*Collected data*:
────────────────────────────────────────

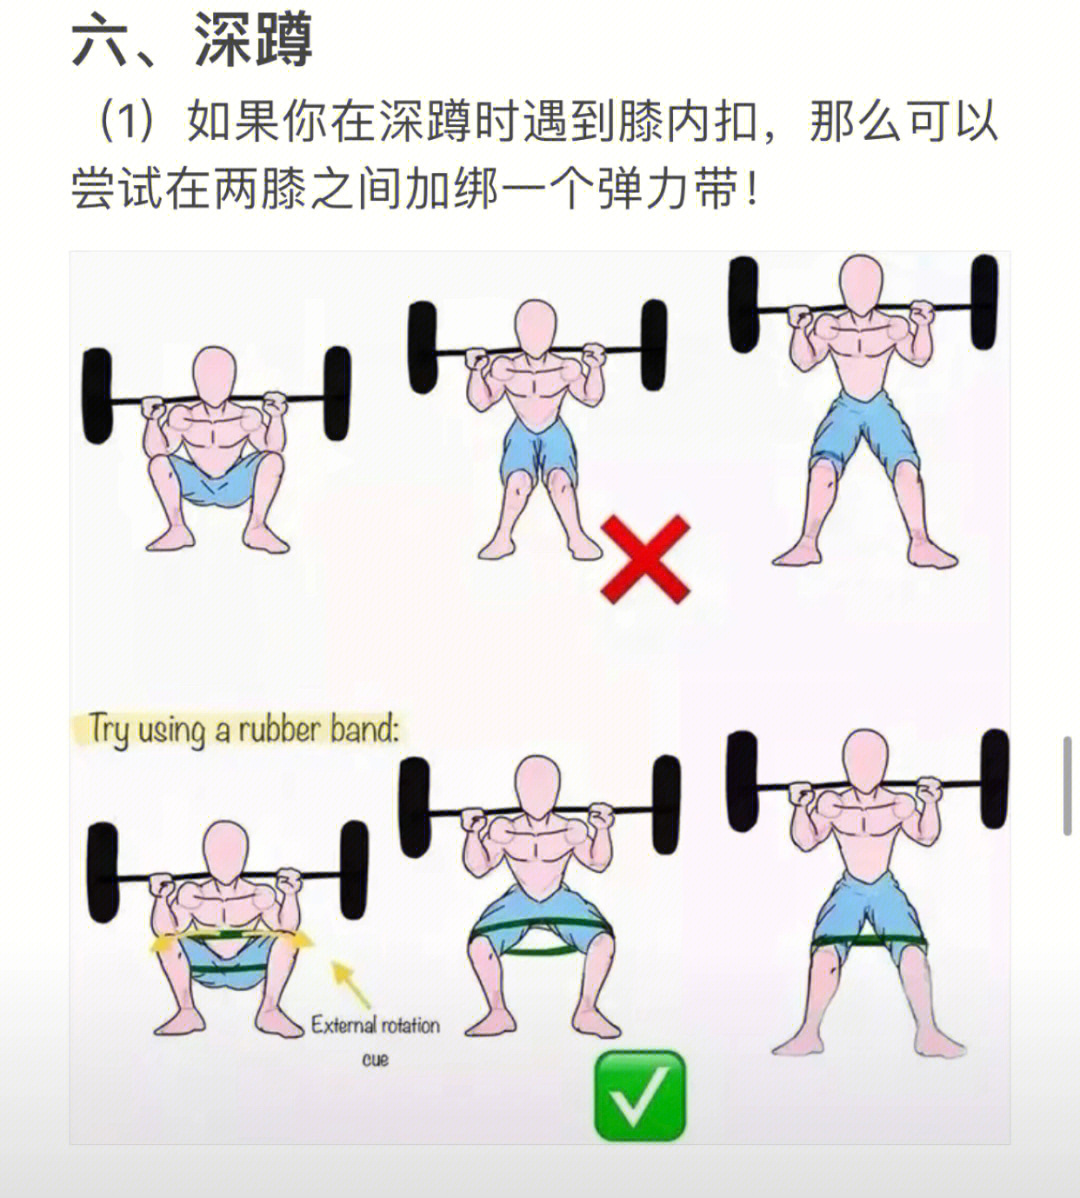 小杠铃锻炼方法图解图片
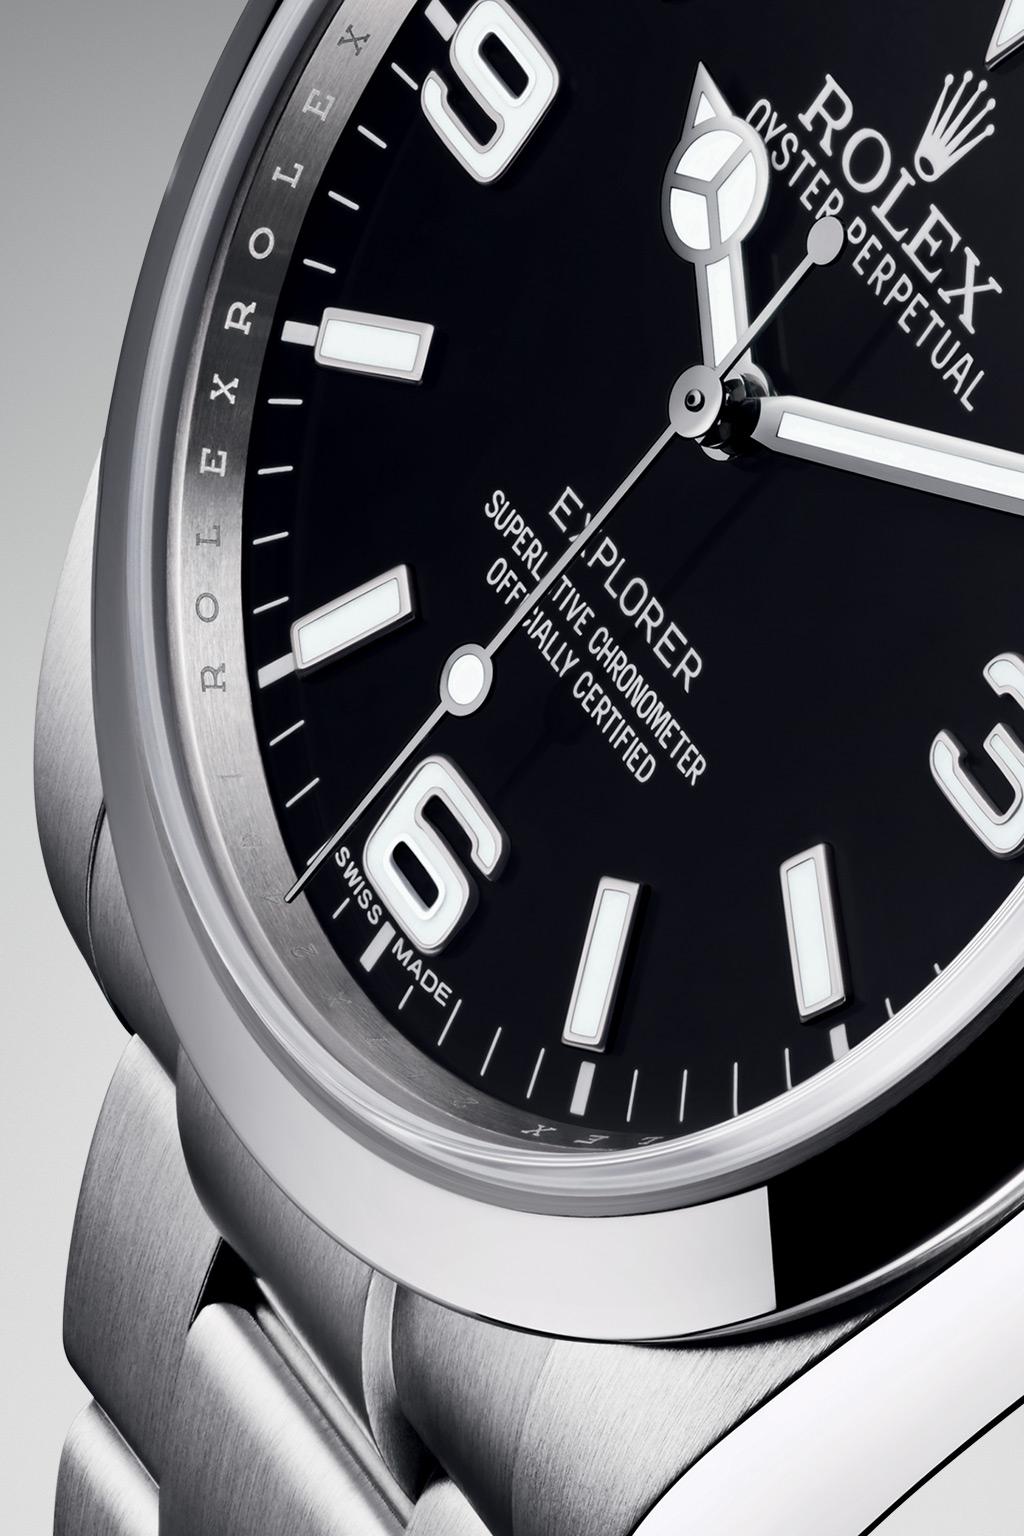 Özellikler ÜSTÜN KRONOMETRE SERTİFİKASI Explorer, Rolex in 2015 te tanımını yeniden belirlediği Superlative Chronometer (Üstün Kronometre) sertifikasına sahiptir.
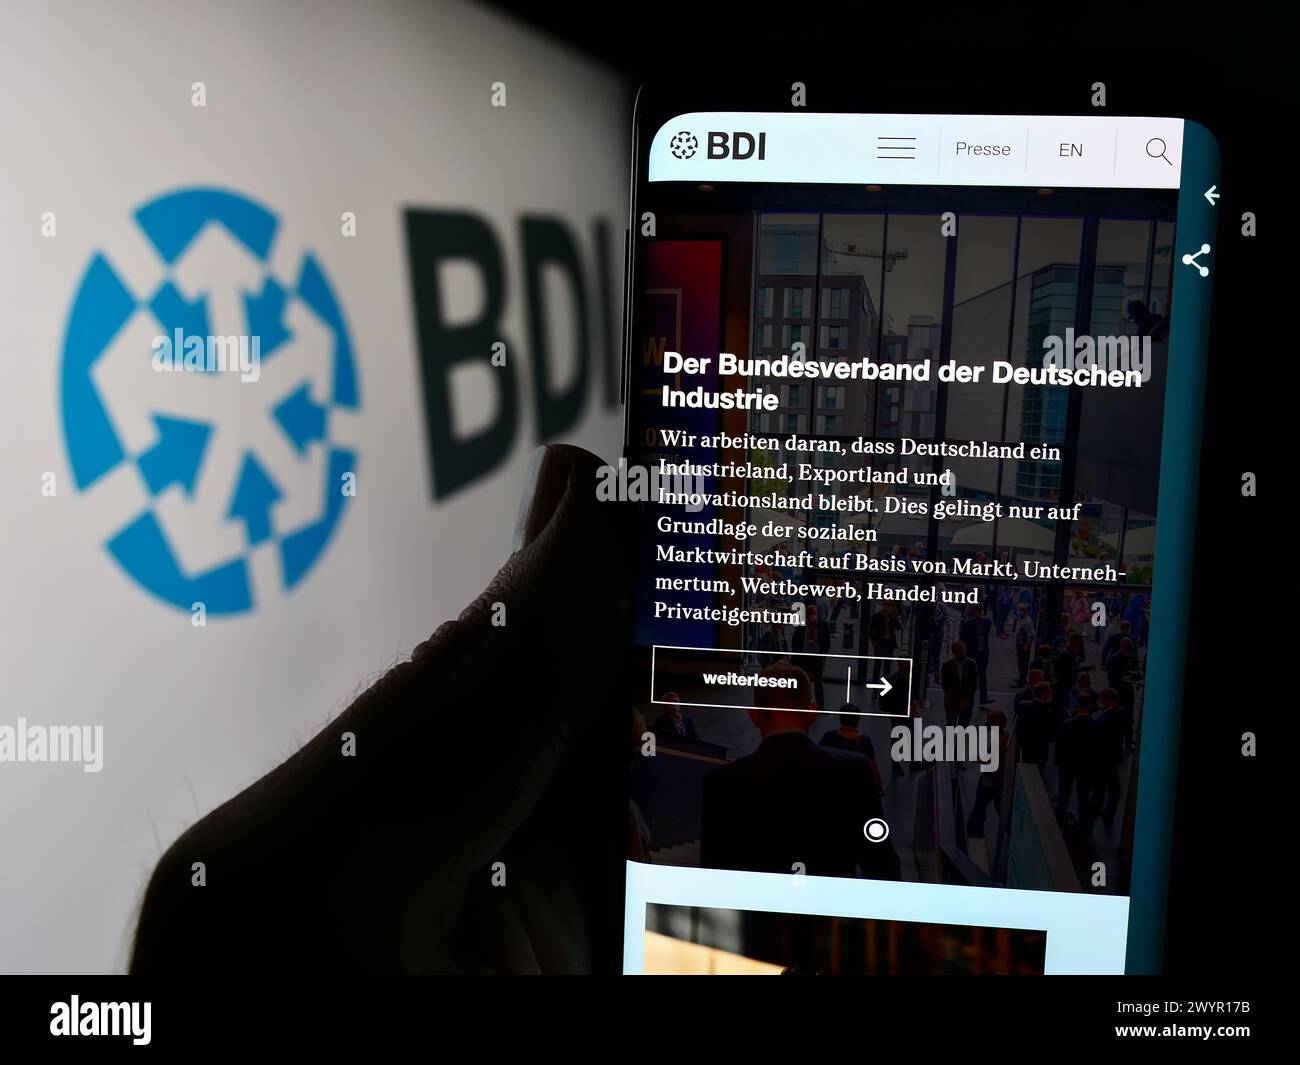 Persona che detiene un cellulare con pagina web della Bundesverband der Deutschen industrie e.V. (BDI) davanti al logo. Messa a fuoco al centro del display del telefono. Foto Stock

────────────────────────────────────────

*What you should do*:
The answer must be the full listing above, copied exactly, with no pictures in it.

*Answer for the task*:
 小杠铃锻炼方法图解图片
 Özellikler ÜSTÜN KRONOMETRE SERTİFİKASI Explorer, Rolex in 2015 te tanımını yeniden belirlediği Superlative Chronometer (Üstün Kronometre) sertifikasına sahiptir.
 Persona che detiene un cellulare con pagina web della Bundesverband der Deutschen industrie e.V. (BDI) davanti al logo. Messa a fuoco al centro del display del telefono. Foto Stock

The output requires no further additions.